11-12-2018 04:17 AM
In Spark >= 2.0, the following statement should be correct:
df2_DF = df1_DF.checkpoint()
But of course if I try to perform checkpointing on a dataframe in Spark 1.6, I get the following exception, as checkpointing wasn't yet implemented:
AttributeError: 'DataFrame' object has no attribute 'checkpoint'
Is there a quick way to implement this in Spark 1.6.0 using a workaround?

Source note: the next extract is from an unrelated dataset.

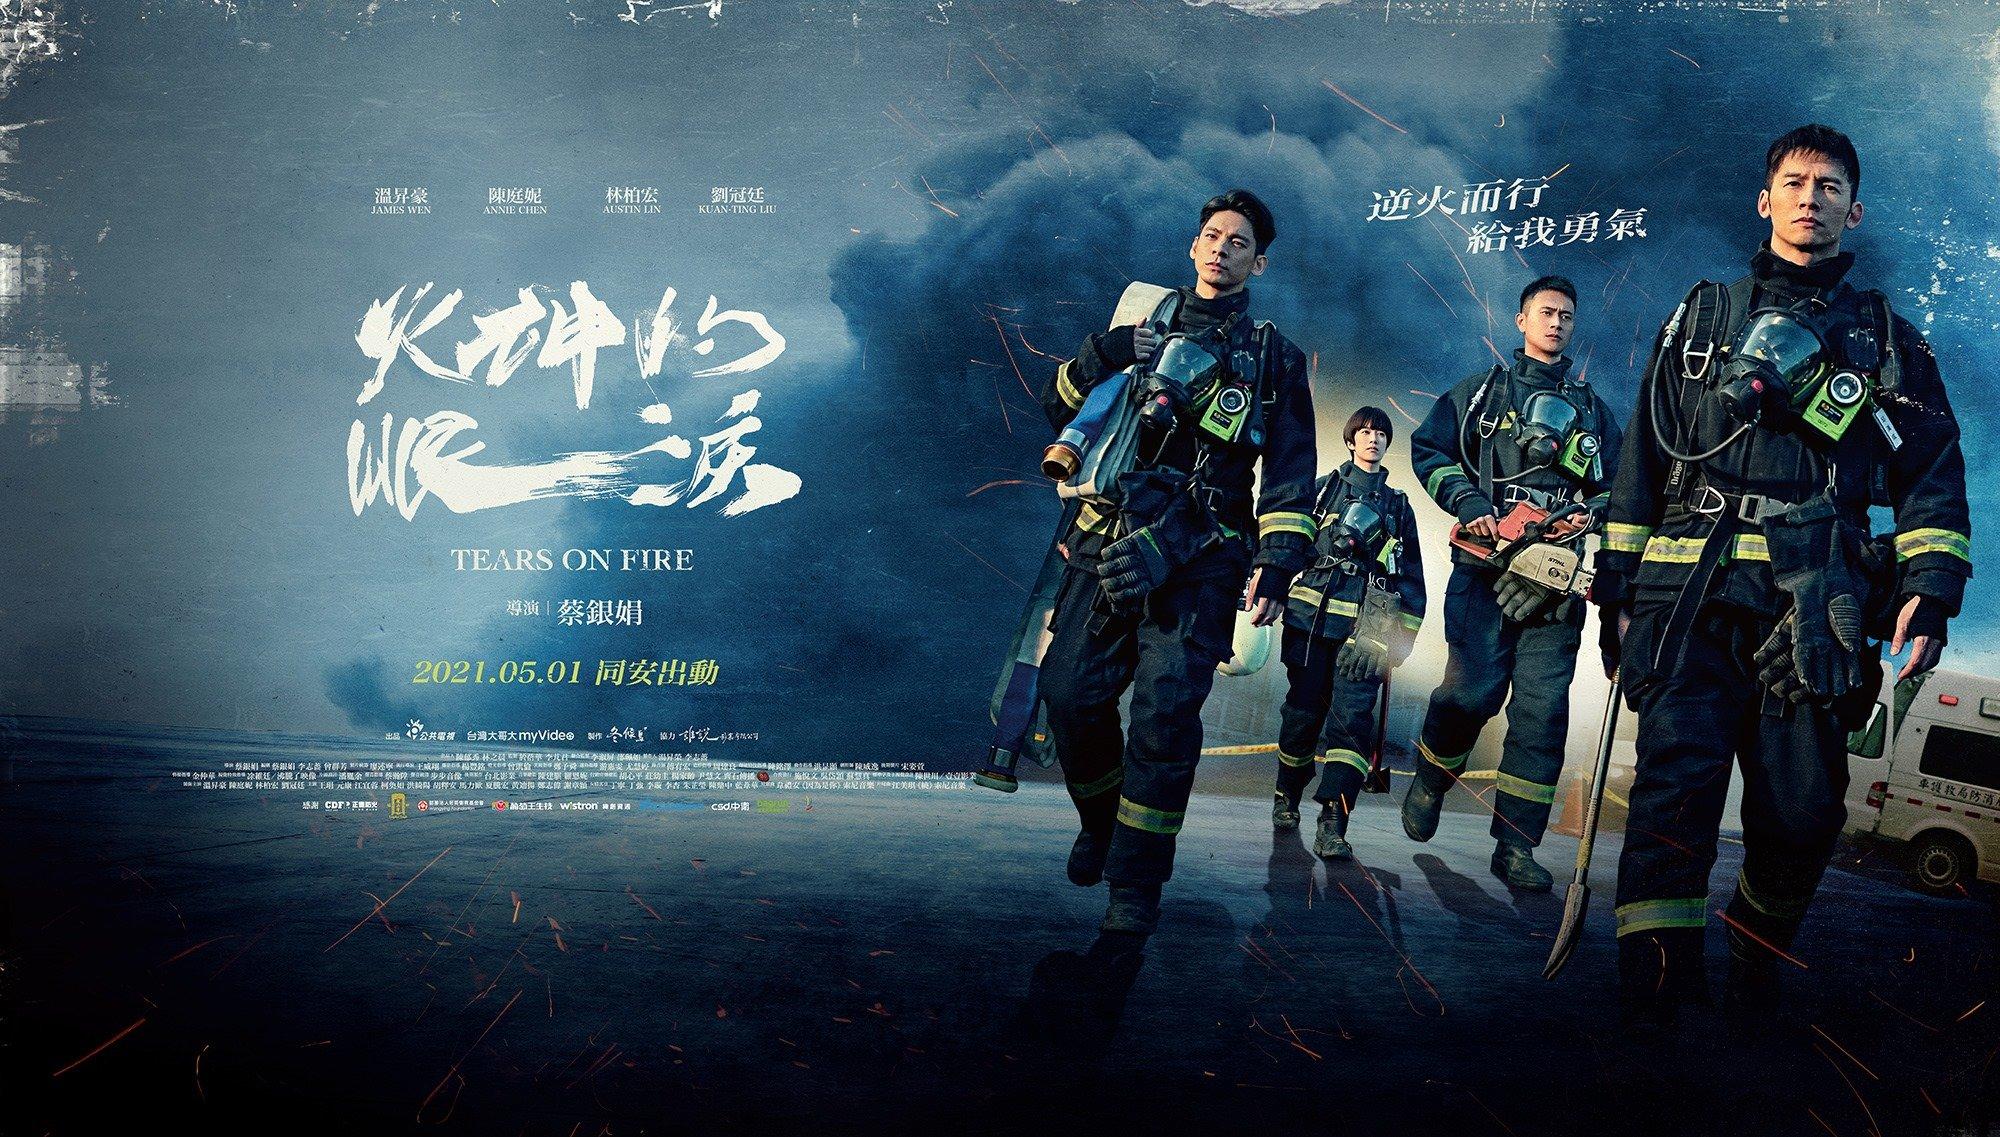 消防員帶你看【火神的眼淚】,劇情之外那些畫面中你沒注意到的小知識【第二集-遺願】

What I've tried until now is (similar to what I saw in a post on Stack Overflow) the following approach, using an intermediate rdd conversion for the original Dataframe df1:
... sc.setCheckpointDir("hdfs:///tmp") ... df1 = sqlContext.table("<TABLE_NAME>") ... df1.rdd.checkpoint() df1.rdd.count df2 = sqlContext.createDataFrame(df1.rdd, df1.schema)
But I'd like to ask if:
- Everybody else is using this approach? Can you pls give feedback if you do?
- If there is a different, better approach? What I'm doing in reality is looping over a Dataframe and it gets "heavier" at each loop
- If the above is the only option, does it make sense if in the last statement I directly reassign the "should-now-be-checkpointed-rdd" to the original Dataframe? Something like:
df1 = sqlContext.createDataFrame(df1.rdd, df1.schema)
- Any other observations/comments?
Thanks in advance for any insight or help